Je communiquerai mes émotions sans réserve, sans rien cacher, pour bâtir une confiance mutuelle. On a souvent du mal à se comprendre soi-même, alors comment comprendre l’autre s’il n’ose pas s’ouvrir à nous ?

C’est ainsi que naît l’alchimie : avoir à mes côtés quelqu’un en qui j’ai une confiance absolue, quelqu’un avec qui je peux être moi-même, sans masque ni mensonge. Une personne qui, par sa bienveillance, m’aide à remettre en question certaines de mes idées ou de mes comportements, non pour me juger, mais pour me faire grandir. Bien sûr, cela n’arrive pas du jour au lendemain et se construit sur la durée, petit à petit.

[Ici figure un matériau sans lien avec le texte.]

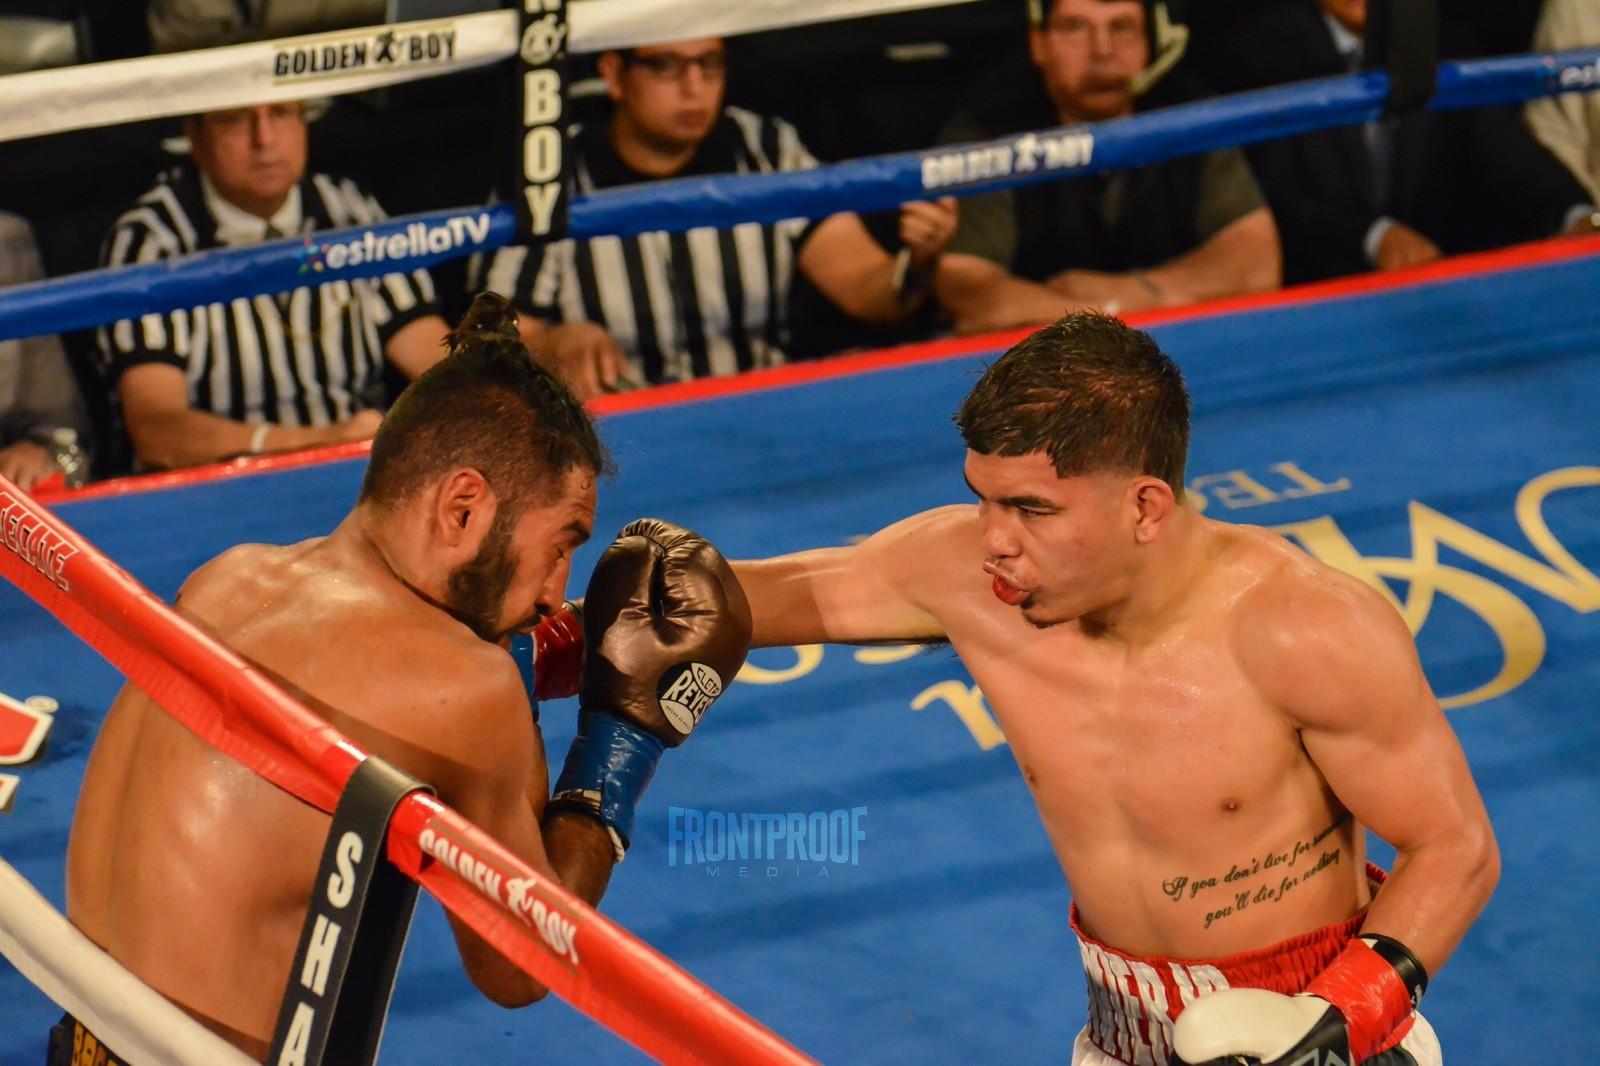 Javier Martinez lands a straight right on his opponent. Photo: Cynthia Saldaña/Frontproof Media

C’est en effet véritablement aimer quelqu’un que de prendre le risque de le blesser et de l’affecter pour son bien. Montaigne

Je suis prêt à sacrifier beaucoup pour elle. Mais ce n’est rien en comparaison de ce qu’elle m’apporte. Un sacrifice n’en est plus un lorsque ce qu’on y gagne dépasse de loin ce qu’on y perd.

Ces sacrifices, je les ferai sans hésiter. Car ils ne seront que le prix de ce qui n’a pas de prix.